This implies that summing over orientations of the kernel should yield the identity operator of a convolution, ie a delta function, or equivalently a constant function in the Fourier domain.

Localization

The fast reconstruction property restricts the wavelet to sum to a delta function. However, this does not have a unique solution. For example, the trivial solution to fast reconstruction property would be the kernel which is itself a delta function that is weighted by $\frac{1}{N_\theta}$ where $N_\theta$ is the number of orientations. This kernel results in the copying of the input image to each orientation channel. In the trivial solution, the information is \textit{maximally entangled} as the pixel information is completely spread out over the orientation axis. We would rather observe a sparse set of activations in the orientation axis as this would allow us to attribute the information to a specific orientation ie for the response to be localized.

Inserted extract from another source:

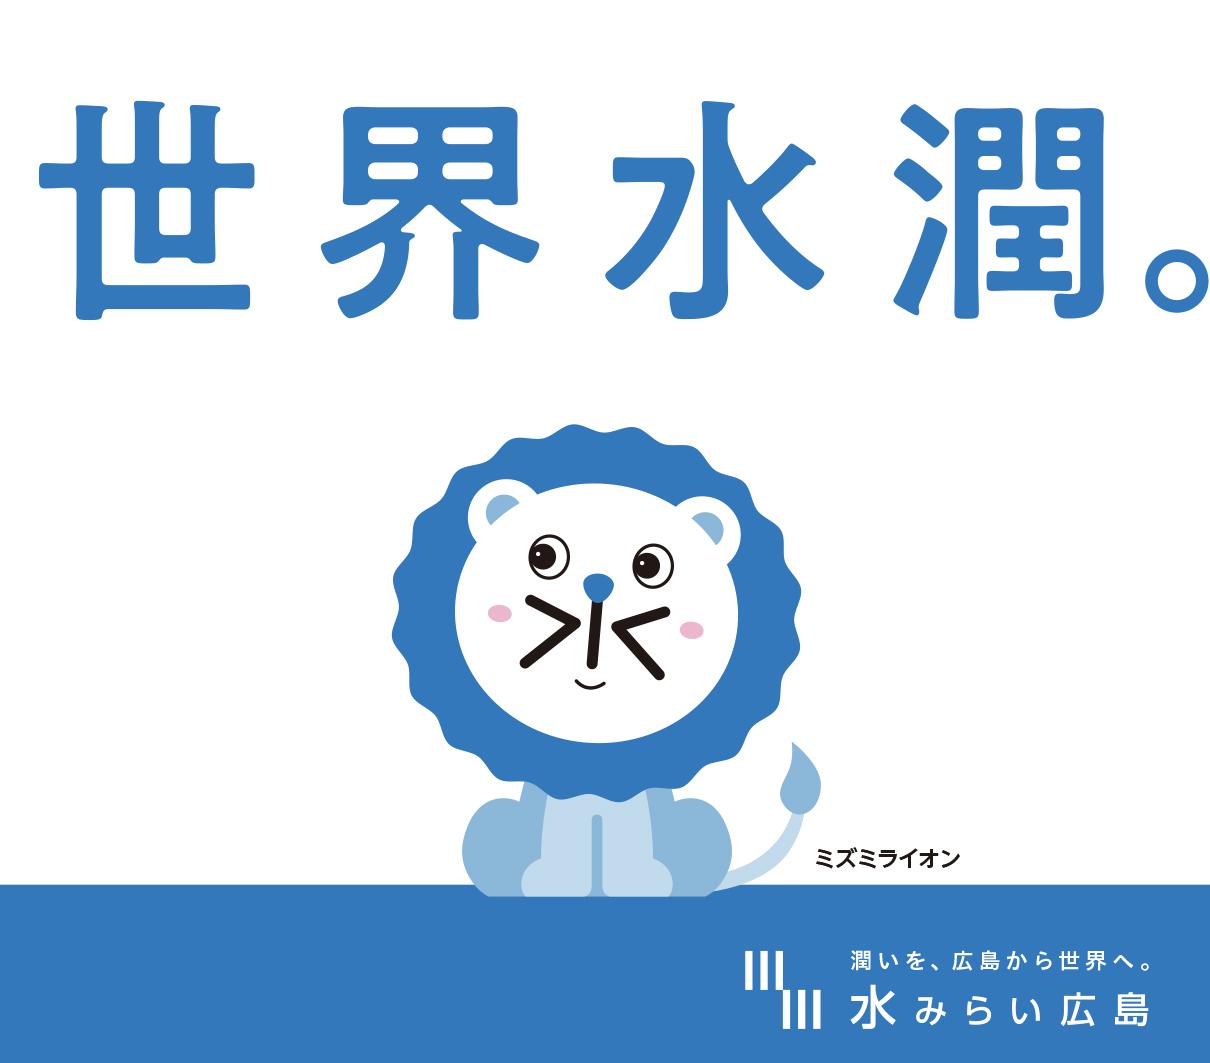 水みらい広島 キャラクター、スローガン、キービジュアル
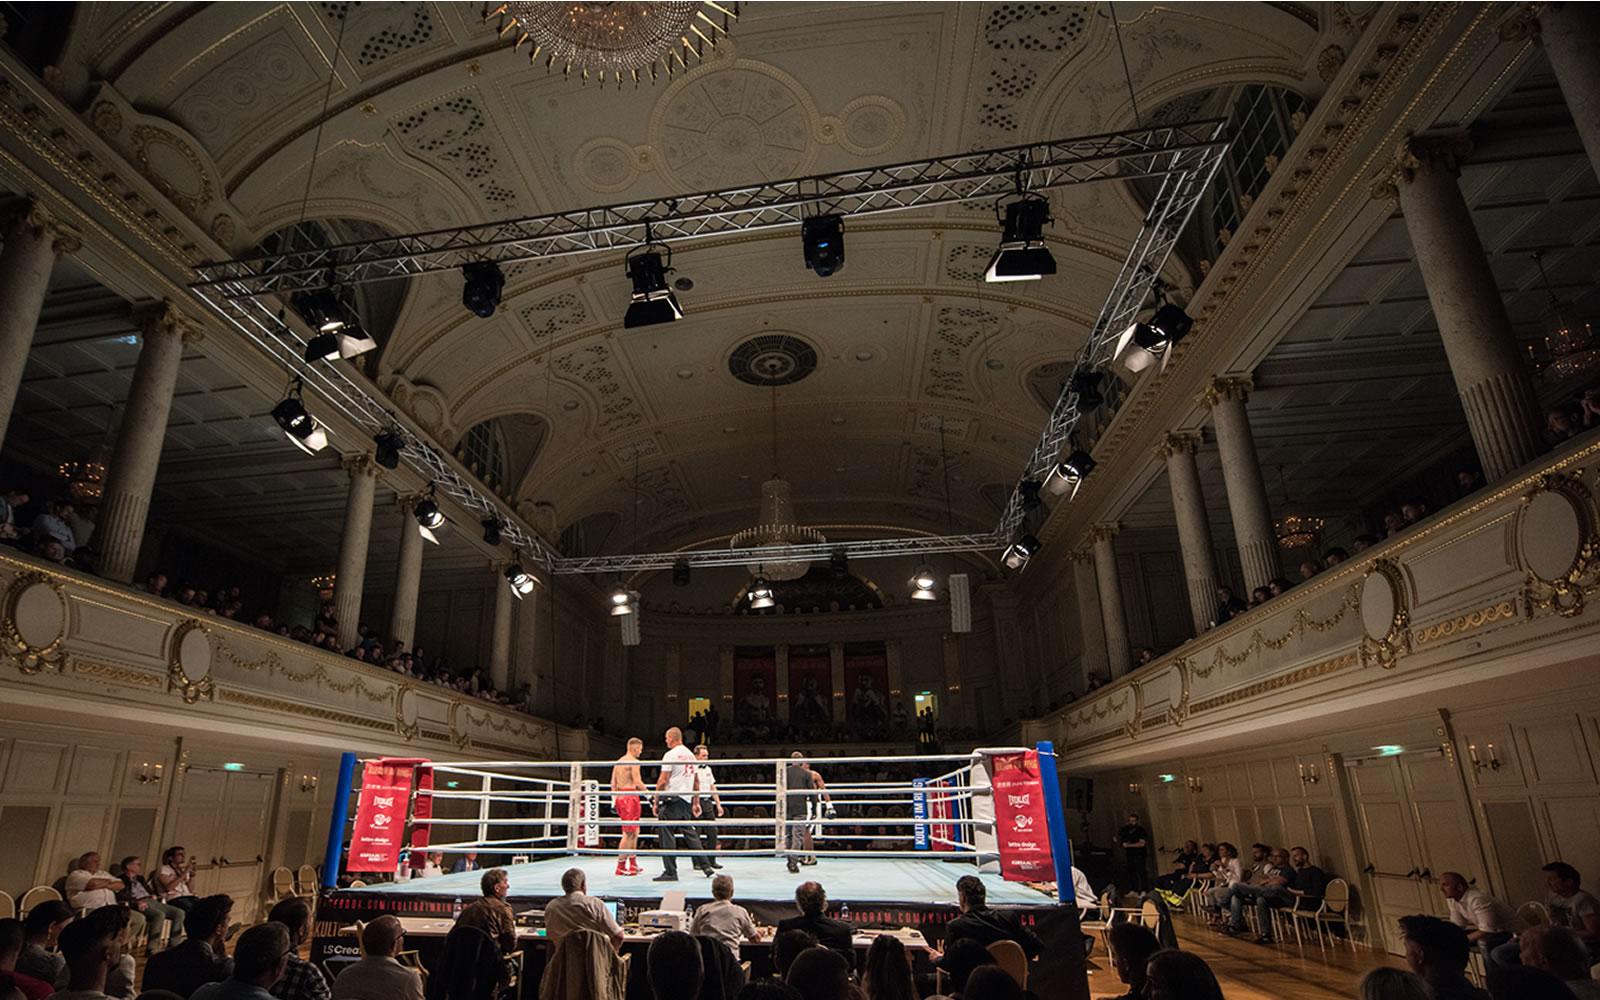 Kultur am Ring im Kulturcasino Bern mit der Technik von USL Eventtechnik. Rigging für Ihren Sportanlass

We can quantify locality with the spread of activations. Spread is synonymous with uncertainty, or variance, in probability, but the kernel is not a probability distribution. Borrowing from the uncertainty principle of quantum mechanics, we can interpret our wavelet as an unnormalized probability amplitude. Thus, we can quantify the spread of activations across orientations with the variance along the fiber. Moreover, it can be shown\footnote{There is not room in this abstract, so it is simply assumed.} that minimizing the spread of the activations in the orientation axis is equivalent to minimizing the variance of the kernel.

Regularity

It is often useful in practice to impose an extra regularization constraint on the locality of the wavelet itself. While the previous localization term imposes localization on the responses when preforming a convolution, this imposes locality in the frequency domain, and not the spatial domain. One can add an additional term to encourage localization in the spatial domain. If viewing the wavelet in the Fourier domain, this translates to imposing a smoothness term and minimizing the gradient of the wavelet. This is often associated with the \textit{condition number} of the wavelet.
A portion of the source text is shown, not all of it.